Following this introductory chapter, Chapter 2 reviews the features of and challenges associated with large cohorts set up for genetics re-
search and drug discovery. Examples of the useful features of large cohort studies suggested by some participants include consistent data collection methods; a large, stable, and engaged pool of participants; and the ability to perform genotype- or phenotype-based recall studies. Potential challenges associated with drug discovery using data collected from cohort studies include incomplete annotation of intergenic sequences and a lack of knowledge about the effects of rare variants. These benefits and challenges are discussed within the context of specific genomic cohort efforts in Finland, Iceland, an integrated translational medicine institute, a pharmaceutical company, and a direct-to-consumer genetics company. Perspectives on data quality, data sharing, and privacy are also shared in this chapter.
Chapter 3 focuses on drug discovery activities that can maximize the usefulness of genetic bioresources.
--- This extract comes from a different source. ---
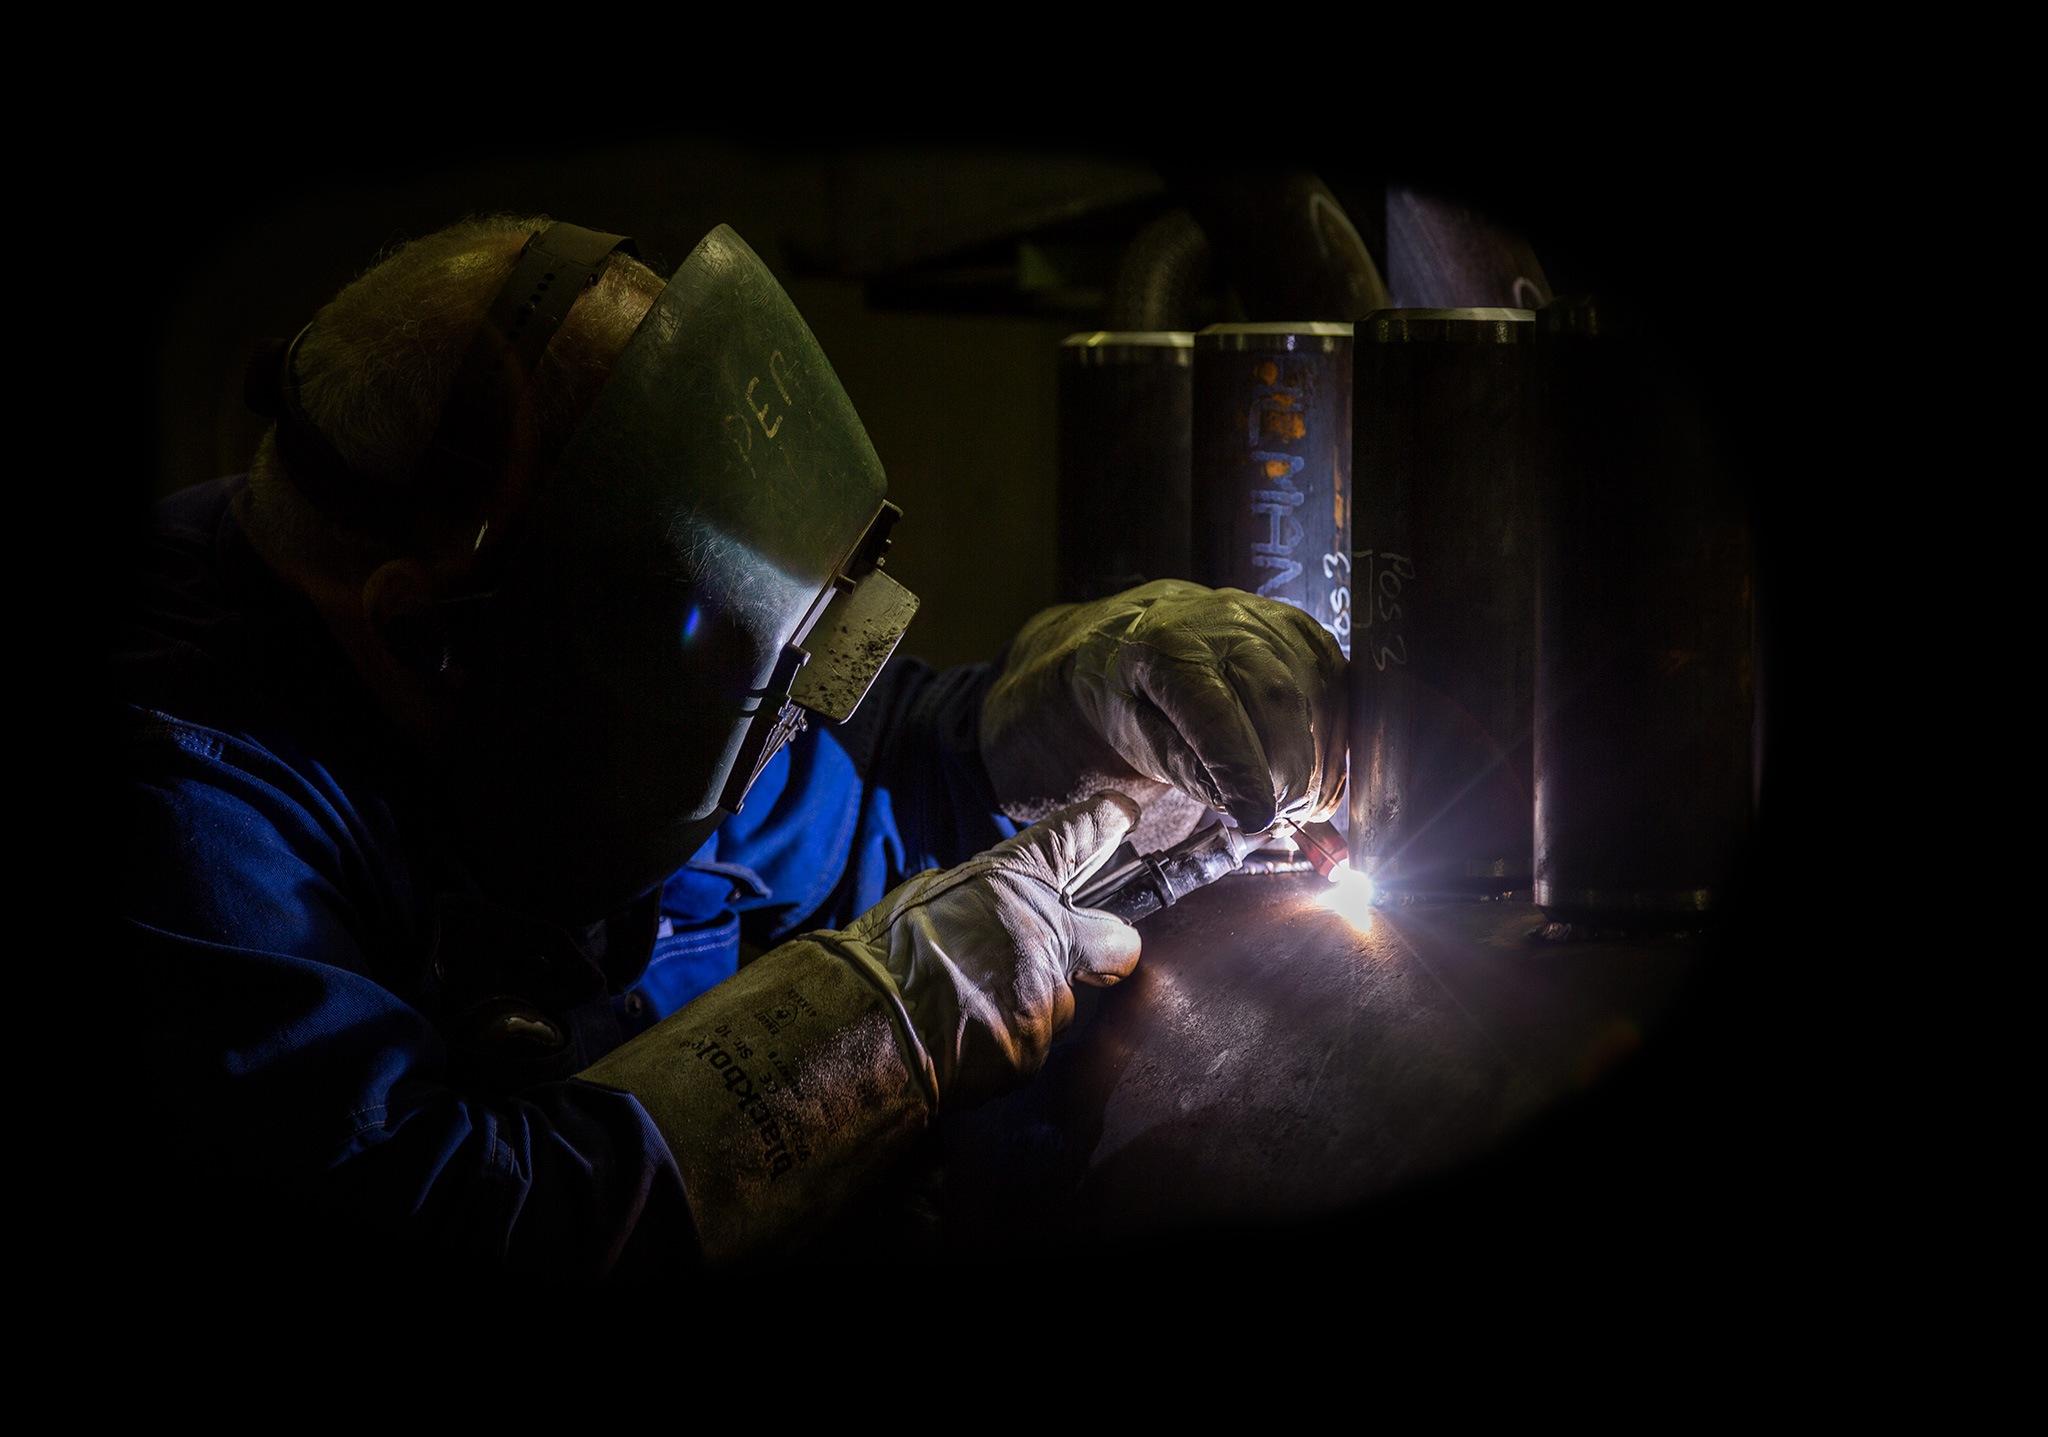 The welder by Claus Lyst Hansen

One such activity is an informatics knowledge portal that curates and details information about the relationship between drugs and genes. This tool allows researchers to test their hypotheses in silico, saving precious time and funds. Another activity is public–private collaboration, where the goal is to bridge the gap from basic research discoveries to new medicines by expanding the precompetitive space and accelerating target validation. One program developed by a patient advocacy organization features open sharing of all data and is addressing the critical lack of biomarkers for Parkinson’s disease. Understanding the biology of potential drug targets and pathways is an important step in maximizing findings from genetic cohort studies.
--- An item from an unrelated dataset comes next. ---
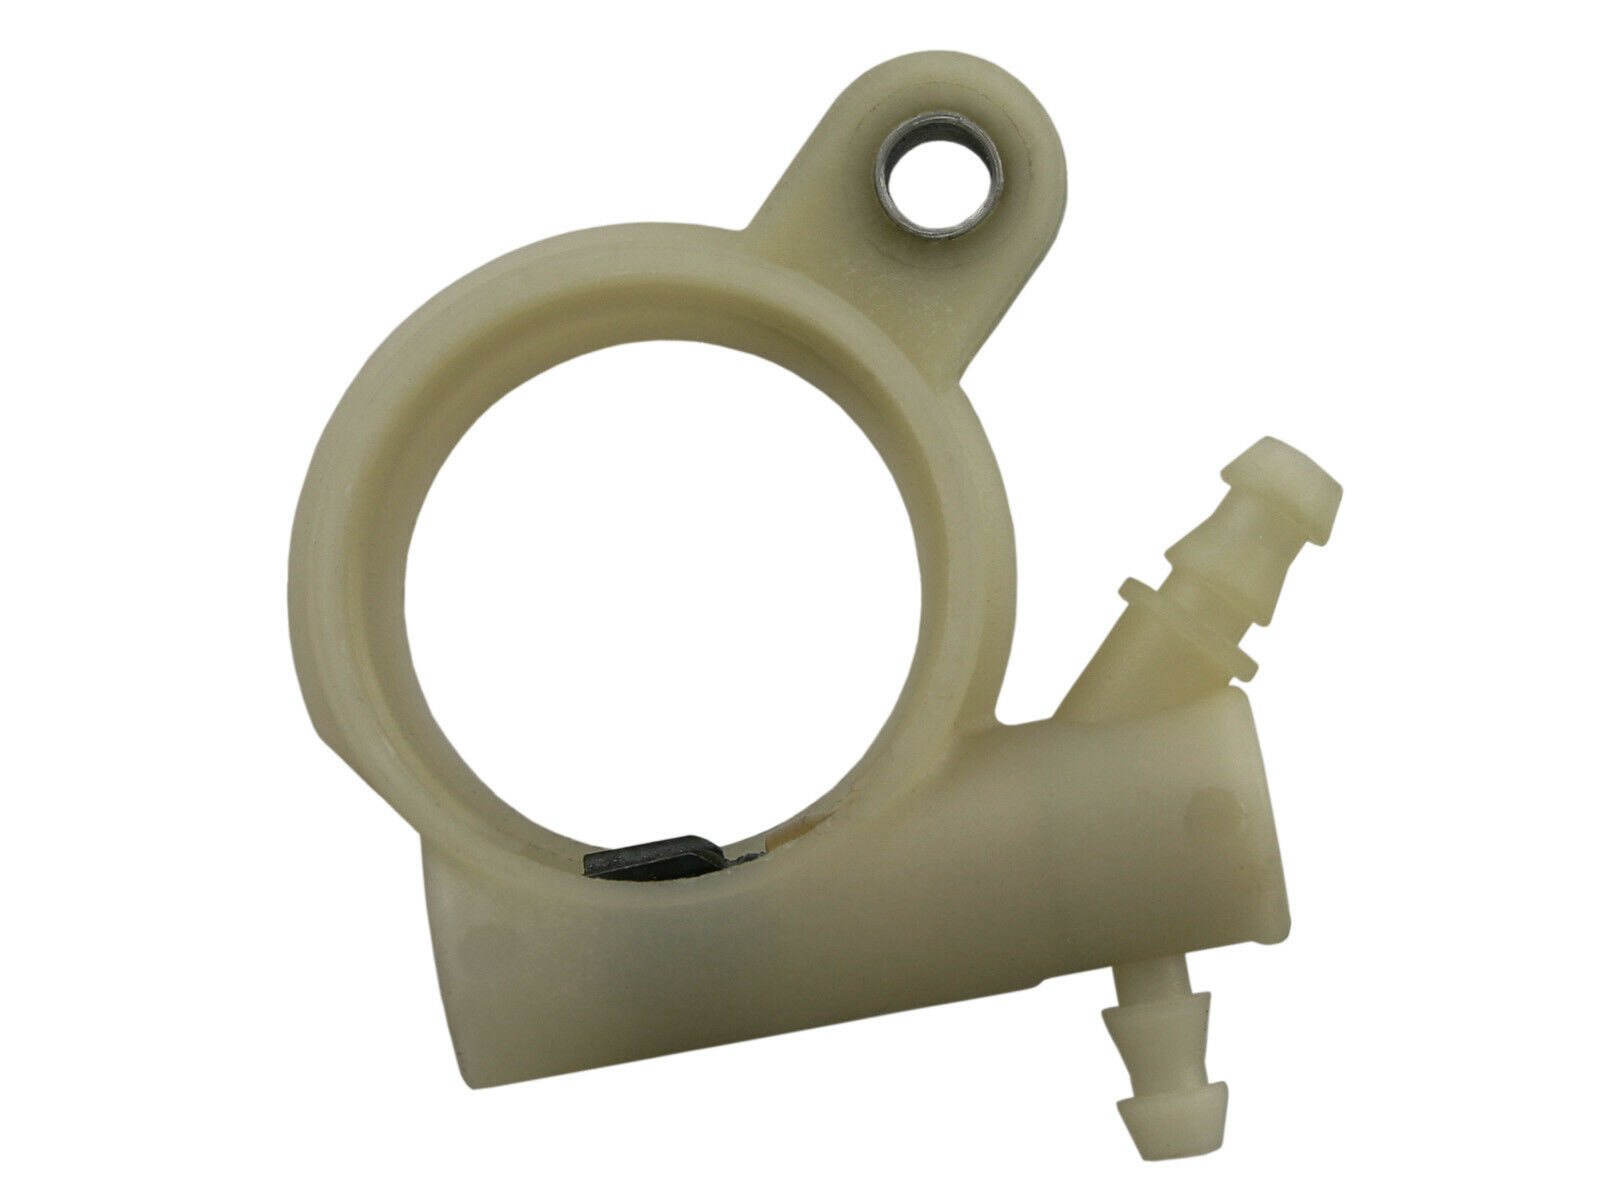 Ölpumpe passend für Stihl MS 251 MS251 Ölförderung Oil pump

Chapter 4 features a discussion of multiple business models across government, academia, patient advocacy groups, and industry that are designed to hasten genomics-enabled drug discovery. The goals, scope, design, and available results from each model are presented for consideration and comparison.
The proceedings culminate in Chapter 5, which describes potential actionable ideas proposed by individual speakers for ways to improve genomics-based drug discovery. The chapter begins with an example of a new technology, an in vitro “tissue chip” platform for growing human tissues that has the potential to cause disruptive change in drug discovery and development. Individual speakers proposed the idea that cross-sector collaboration and increased data sharing could create a new ecosystem that could help to fulfill the potential for drug discovery that genomic resources offer.